Given information:
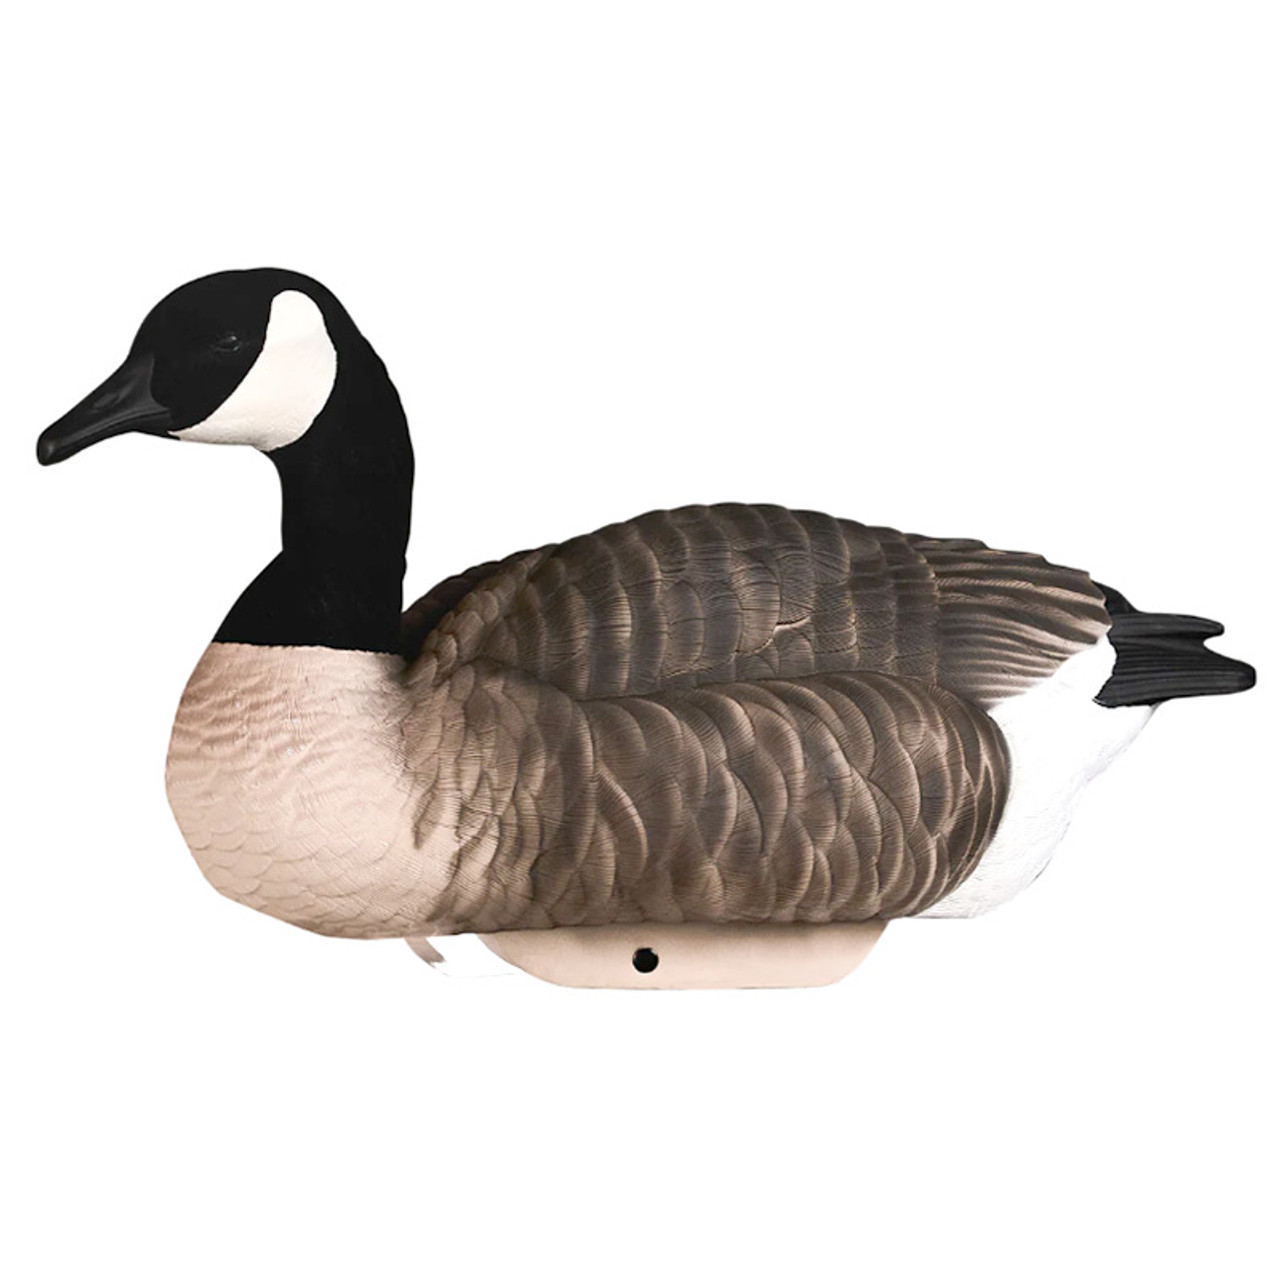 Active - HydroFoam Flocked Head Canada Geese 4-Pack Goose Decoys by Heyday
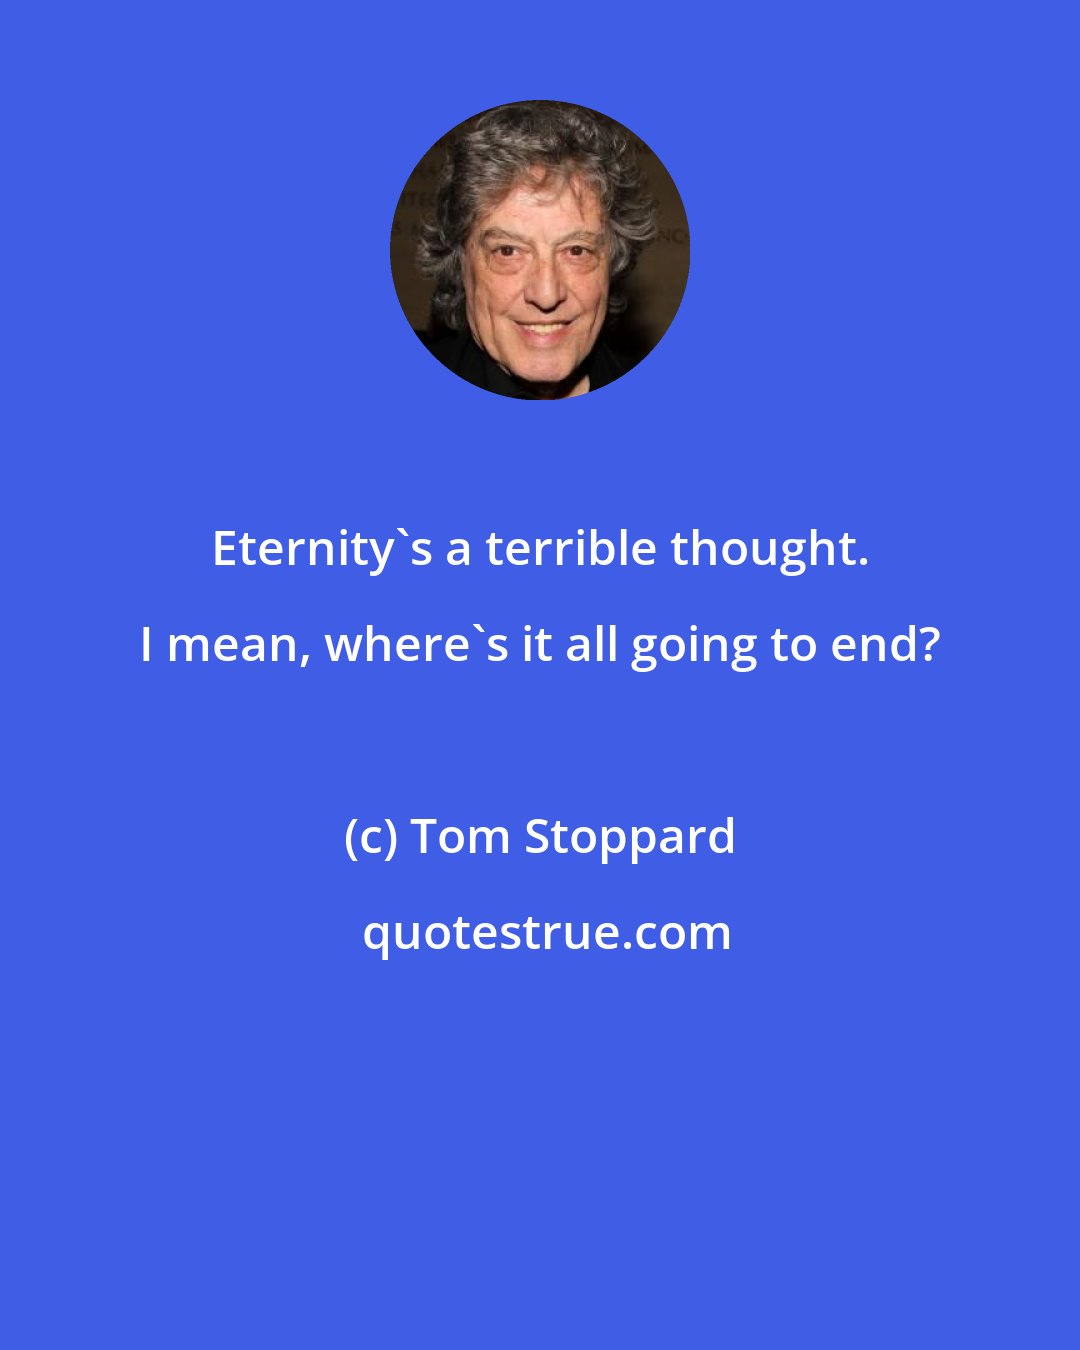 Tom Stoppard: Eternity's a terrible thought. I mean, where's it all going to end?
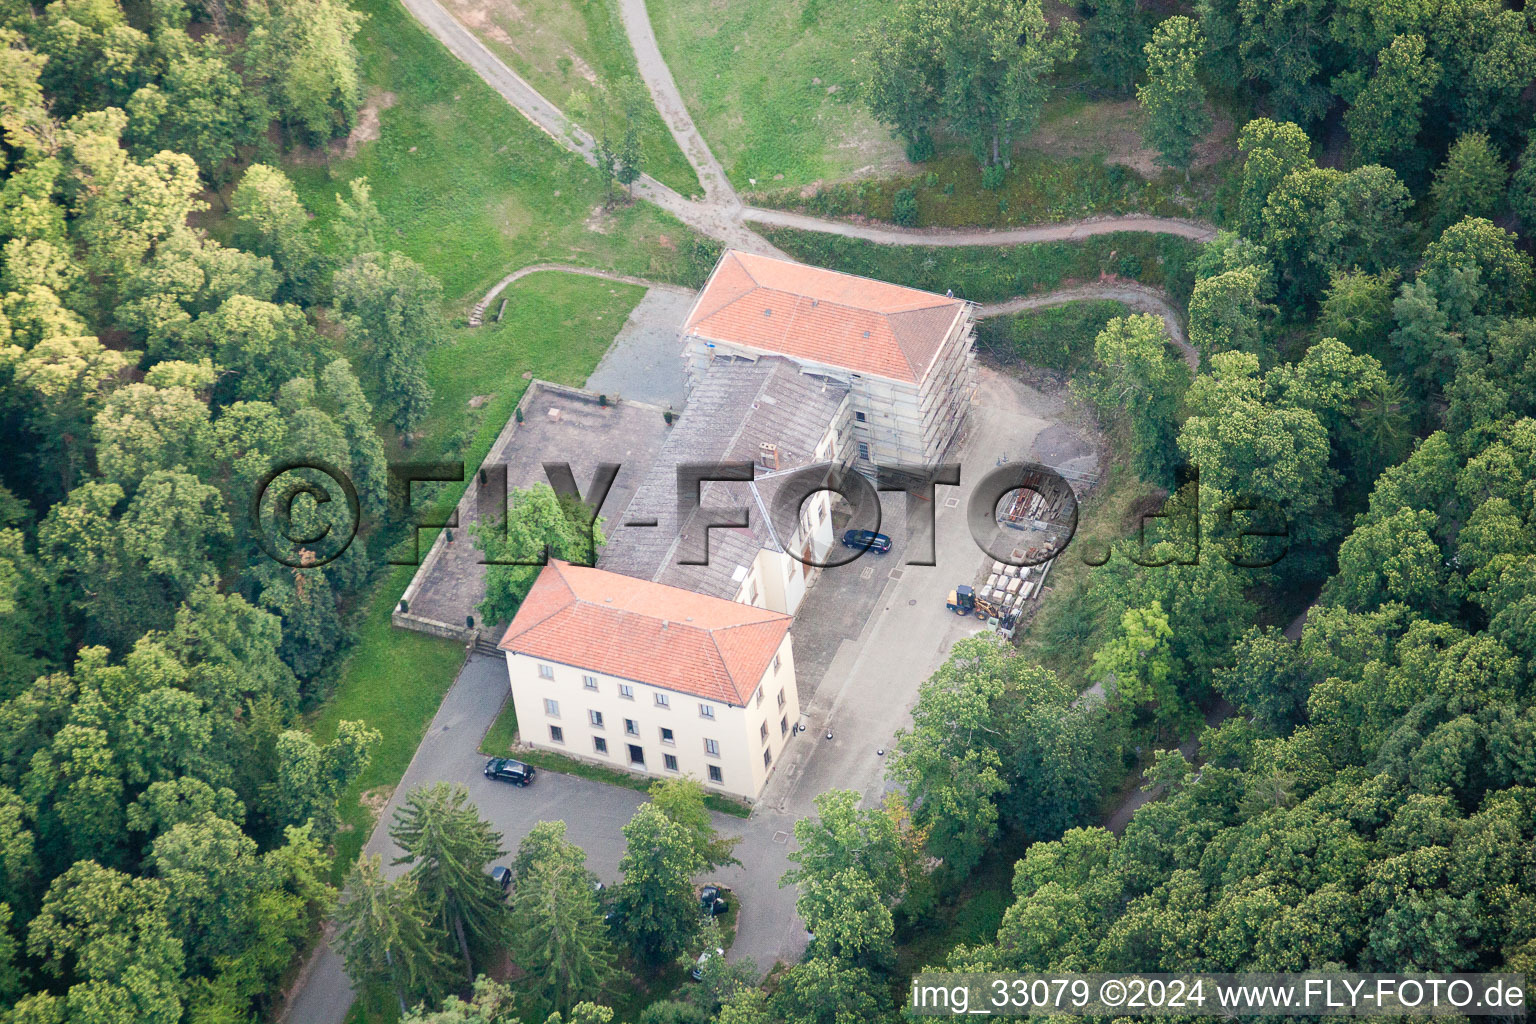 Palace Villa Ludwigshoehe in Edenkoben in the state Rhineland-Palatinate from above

What you should do: All of the data above must be printed exactly, minus its pictures.

Result for this exercise:
 Active - HydroFoam Flocked Head Canada Geese 4-Pack Goose Decoys by Heyday
 Tom Stoppard: Eternity's a terrible thought. I mean, where's it all going to end?
 Palace Villa Ludwigshoehe in Edenkoben in the state Rhineland-Palatinate from above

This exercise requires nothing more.